# Chinese Mantids



## DeadInTheBasement (May 8, 2006)

how do i hatch chinese mantid ooths?how long till they mature?what is a cheap way to house them since they need to be seperate?


----------



## Rick (May 8, 2006)

I normally put the ooth in a ten or five gallon tank or a net cage. Incubate the ooth at room temperature and mist the enclosure every other day. Or you can add some substrate in the bottom like spaghnum moss and keep that moist instead. In a few weeks the ooth should hatch. I keep these together until about L2 or L3. You can seperate them but it's a big hassle and many of them will die regardless of what you do.


----------



## DeadInTheBasement (May 8, 2006)

i dont understand this L2 and L3 stuff please explain


----------



## Yosei (May 8, 2006)

I think it means when they have completed their 2nd to 3rd shed or molt that they should be separated. Yeah, I had huge die-offs within the first week of them hatching, about like 1/4 - 1/2 of them died and cannibalism set in pretty early too.


----------



## rlechols (May 8, 2006)

When mantis nymphs hatch, they are L1, or first instar. When they shed or molt, then they become L2 nymphs. They continue to shed every few weeks until adulthood (usually about 7 molts). Many die before they reach L3, so keeping them together until then is okay. Then separate them to prevent deaths due to cannibalism. Good luck!


----------



## 13ollox (May 9, 2006)

There is no such thing As L1 Nymphs ! They Start At L2 ! Well thats what ive been lead to believe ! I duno why they not called L1 . im sure Ian Will shed some light on this !

Neil


----------



## Sheldon Johnson (May 9, 2006)

Basically some people call nymphs that have just hatched L1, because they have just hatched others say that they have developed from a egg form to nymph state, thus when they hatch they are at L2.

Now scientifically L2 upon hatching makes sense, since it has already completed 1 stage of development. However L1 for hatchlings from a sellers stand point makes great sense, sicne there can be no confusion; L1 = hatching, whislt L2 depends on the breeders view, thus causing confusion.

Simply put if we are going to call the hatchlings L1 (which i belevie is scientifically incorrect, but i do it anyway...) then we ALL need to do it. If we are going to call hatchlings L2, we need to make sure people understand, and it becomes a standard throughout the community.


----------



## Isis (May 10, 2006)

I think L1 is better. In the matter of fact none is scientificly correct- I haven't read any scientific article in which one would refer to a larvae as a 'L1,L2 etc.'

For breeders purpose beginning from L1 makes more sense- you know whether the nymph is a hatchling or a grownup.

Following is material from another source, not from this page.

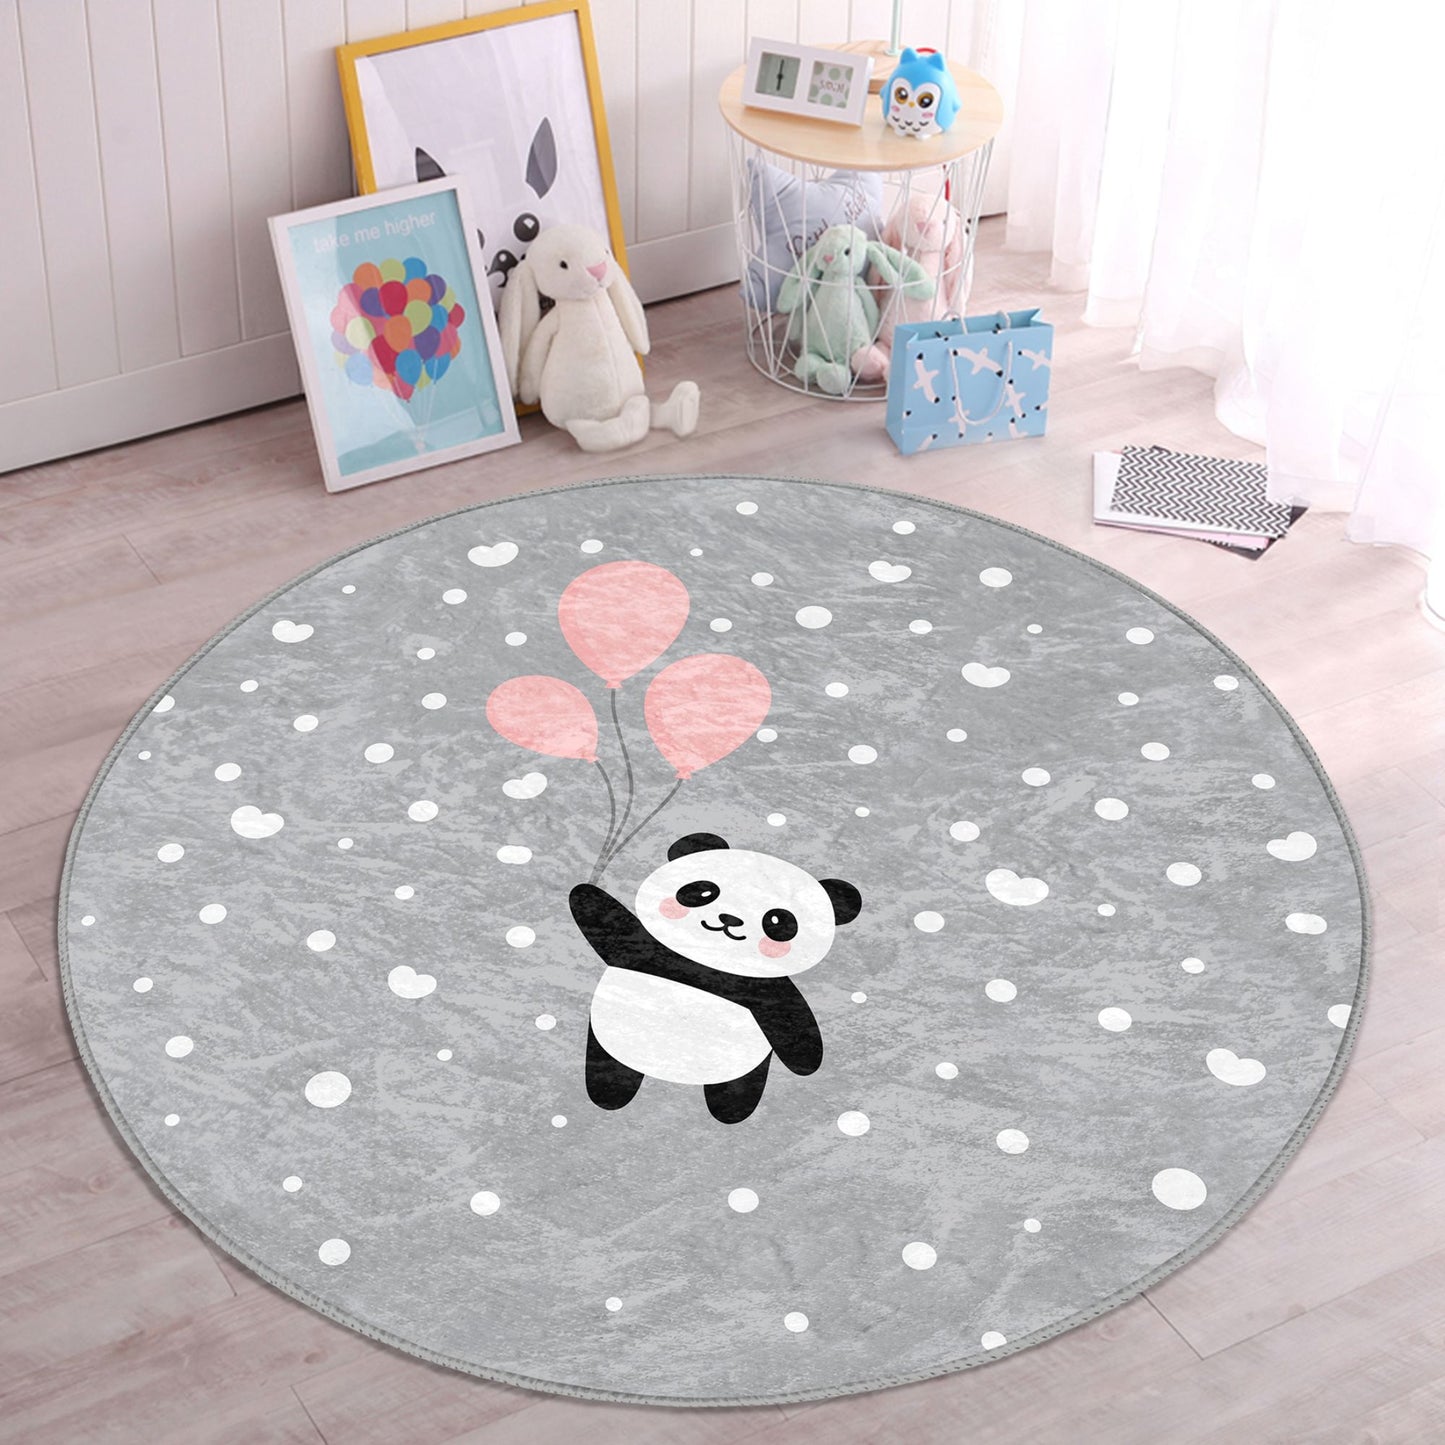 Colorful Kids Rug featuring Panda and Balloon
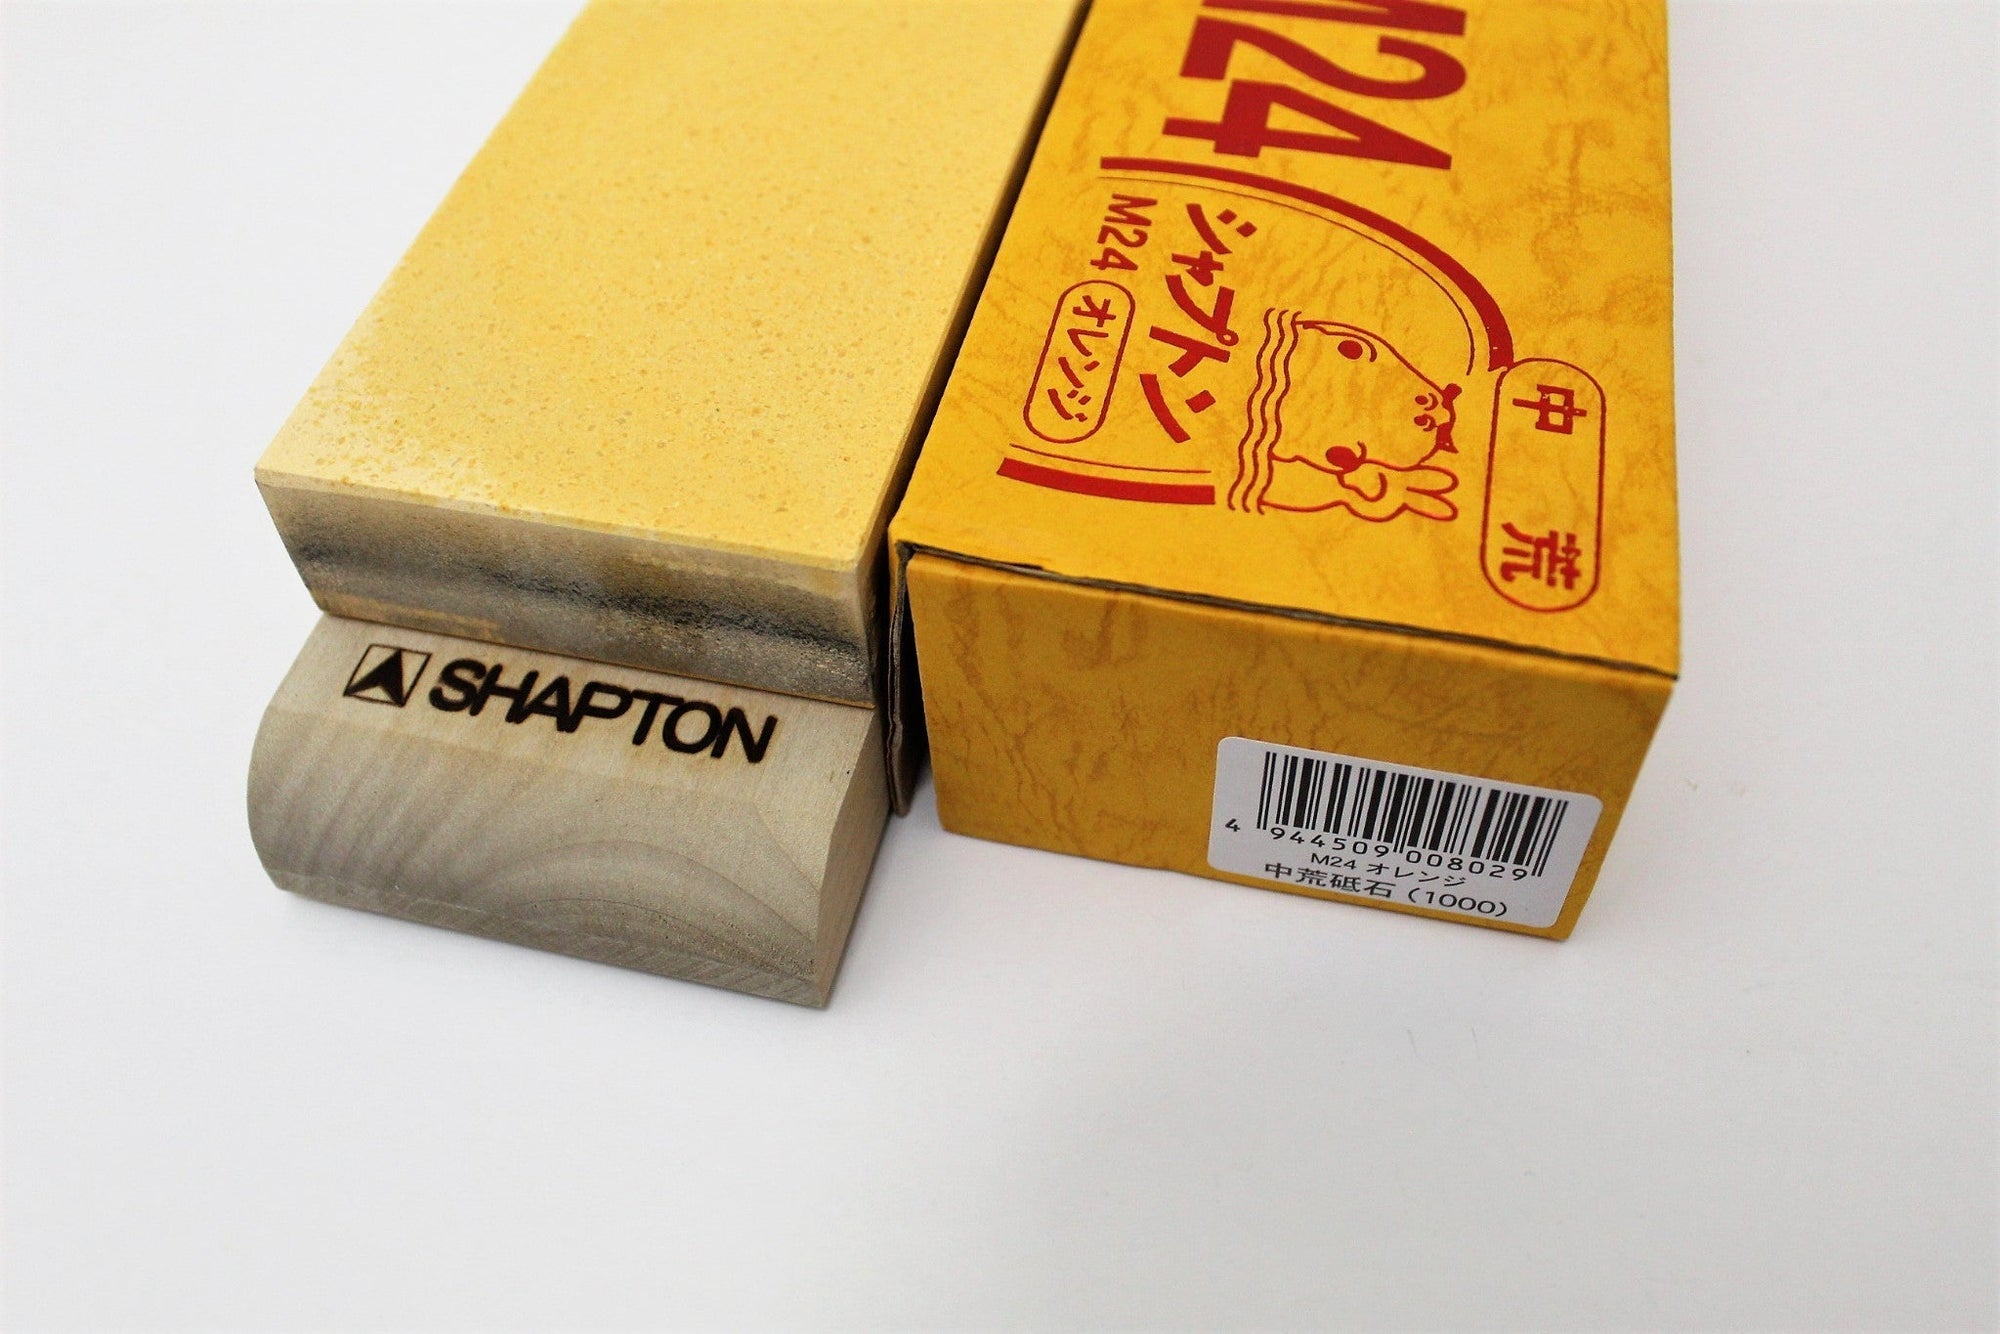 https://cdn.shopify.com/s/files/1/0077/4399/5970/files/accessories-shapton-japanese-sharpening-stone-with-base-grit-1000-2_2000x.jpg?v=1698704607

Ps. The thing to call a hatchling L2 is not because it is the second stage of development from egg, but because a nymph has already molted. (just after hatching mantids do shed) and that's the phylosophy....


----------



## yen_saw (May 10, 2006)

L2 as "first" instar just doesn't make sense.


----------



## DrM (May 22, 2006)

> Im sure Ian Will shed some light on this !Neil


ANyone else find this statement funny?.....LOL....SHED??.....some light on the shedding stages?!? Okay.......I'll just move along.....


----------



## Rick (May 22, 2006)

> There is no such thing As L1 Nymphs ! They Start At L2 ! Well thats what ive been lead to believe ! I duno why they not called L1 . im sure Ian Will shed some light on this !Neil


I'll go ahead and shed the light on it now. Newborn nymphs are L1.


----------